Look for the common factors in each of the terms.
\begin{align*}8x^3 &= {\color{red}8} \cdot x \cdot x \cdot {\color{red}x} \\ 24x^2 &= {\color{red}8} \cdot 3 \cdot x \cdot {\color{red}x} \\ -32x &= {\color{red}8} \cdot -4 \cdot {\color{red}x}\end{align*}
Therefore:
\begin{align*}8x^3 +24x^2 + 32x &= 8x(x^2+3x-4) \\ &= 8x(x+4)(x-1)\end{align*}
Example A
Factor completely the following polynomial: \begin{align*}3x^3-15x\end{align*}.
Look for the common factors in each of the terms.
\begin{align*}3x^3 &= {\color{red}3} \cdot x \cdot x \cdot {\color{red}x} \\ -15x &= {\color{red}3} \cdot -5 \cdot {\color{red}x}\end{align*}
Therefore:
\begin{align*}3x^3-15x=3x(x^2-5)\end{align*}
Example B
Factor completely the following polynomial: \begin{align*}2a^3+16a^2+8a\end{align*}.
Look for the common factors in each of the terms.
\begin{align*}2a^3 &= {\color{red}2} \cdot a \cdot a \cdot {\color{red}a} \\ 16a^2 &= {\color{red}2} \cdot 8 \cdot a \cdot {\color{red}a} \\ 8a &= {\color{red}2} \cdot 4 \cdot {\color{red}a}\end{align*}
Therefore:
\begin{align*}2a^3+16a^2+8a=2a(a^2+8a+4)\end{align*}
Example C
Factor completely the following polynomial: \begin{align*}6s^3+36s^2-18s-42\end{align*}.
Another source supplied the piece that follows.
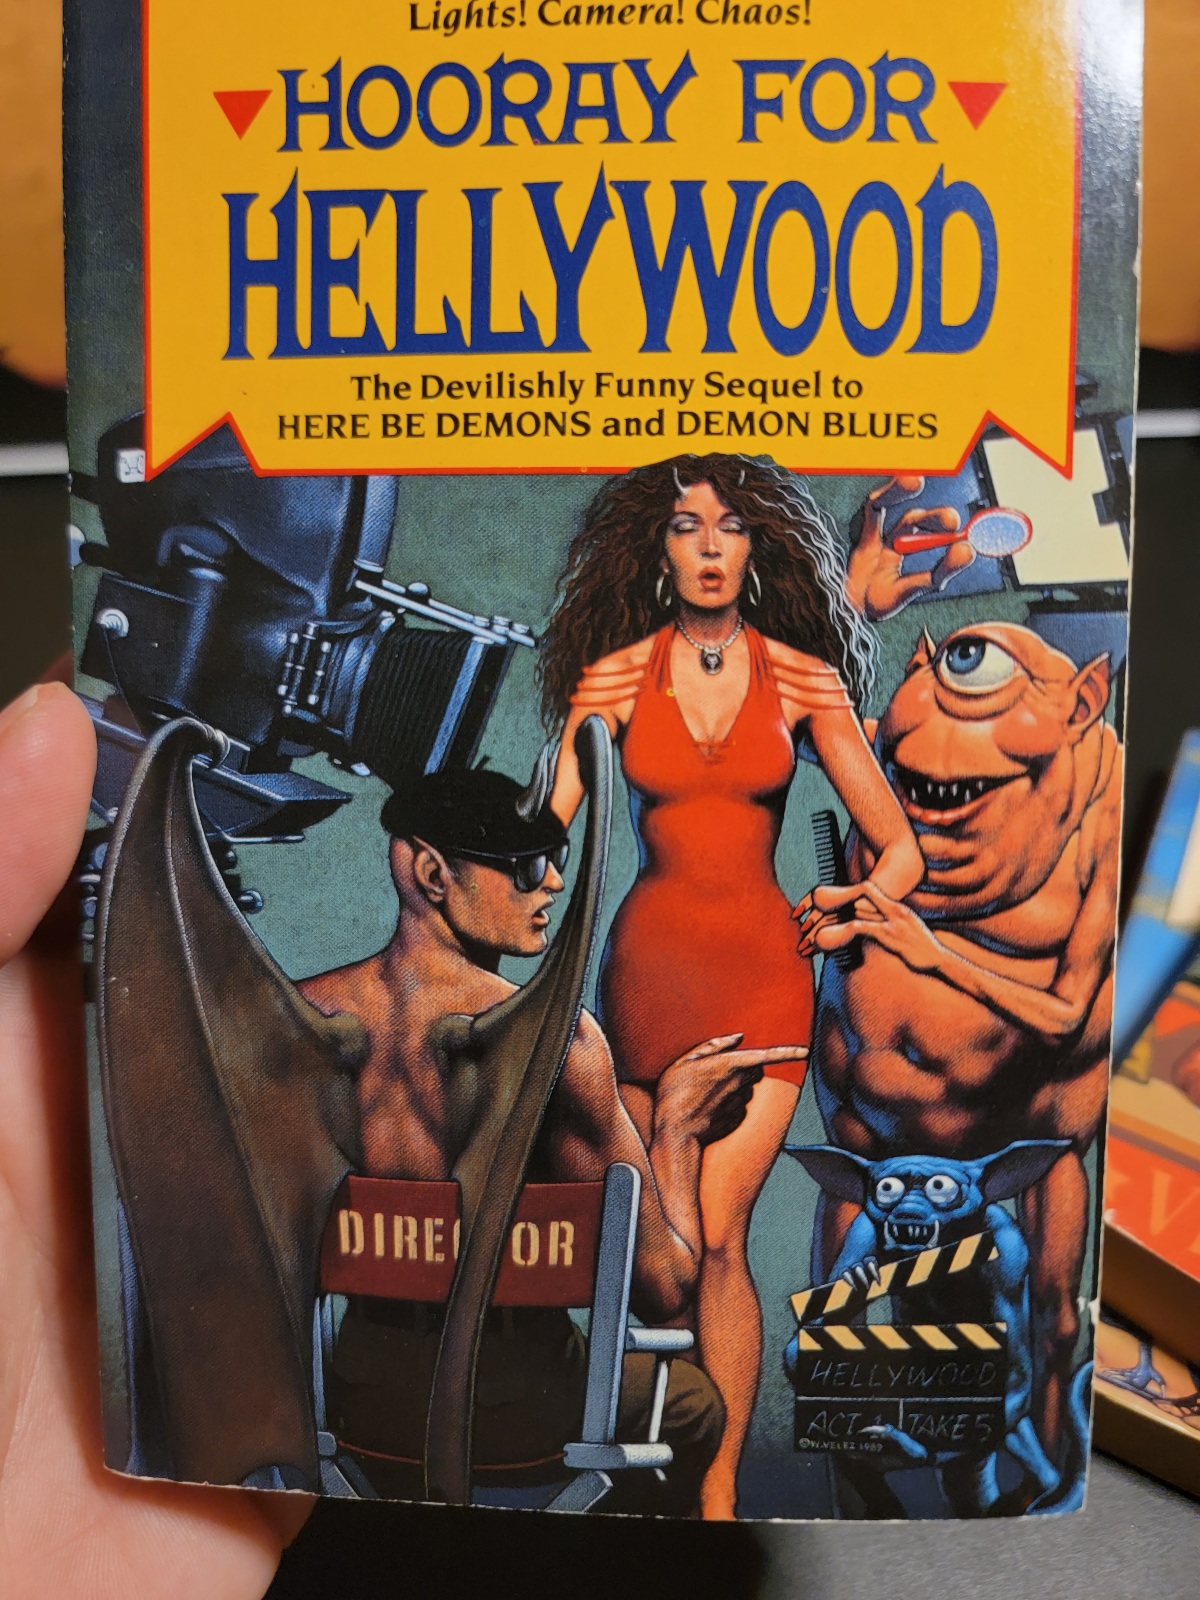 Demons Trilogy by Esther Friesner Ace Fantasy 1980s Paperback Set

Look for the common factors in each of the terms.
\begin{align*}6s^3 &= {\color{red}6} \cdot s \cdot s \cdot s \\ 36s^2 &= {\color{red}6} \cdot 6 \cdot s \cdot s \\ -18s &= {\color{red}6} \cdot -3 \cdot s \\ -42 &= {\color{red}6} \cdot -7\end{align*}
Therefore:
\begin{align*}6s^3+36s^2-18s-42=6(s^3+6s^2-3s-7)\end{align*}.
Vocabulary
- Cubic Polynomial
- A cubic polynomial is a polynomial of degree equal to 3. For example \begin{align*}8x^3+2x^2-5x-7\end{align*} is a cubic polynomial.
- Distributive Property
- The distributive property is a mathematical way of grouping terms. It states that the product of a number and a sum is equal to the sum of the individual products of the number and the addends. For example, in the expression: \begin{align*} {\color{red}\frac{2}{3}}({\color{blue}x + 5})\end{align*}, the distributive property states that the product of a number \begin{align*}\left({\color{red}\frac{2}{3}}\right)\end{align*} and a sum \begin{align*}({\color{blue}x + 5})\end{align*} is equal to the sum of the individual products of the number \begin{align*}\left({\color{red}\frac{2}{3}}\right)\end{align*} and the addends \begin{align*}({\color{blue}x}\end{align*} and \begin{align*}{\color{blue}5})\end{align*}.
- Greatest Common Factor
- The Greatest Common Factor (or GCF) is the largest monomial that is a factor of (or divides into evenly) each of the terms of the polynomial.
Guided Practice
1. Factor completely the following polynomial: \begin{align*}9w^3+12w\end{align*}.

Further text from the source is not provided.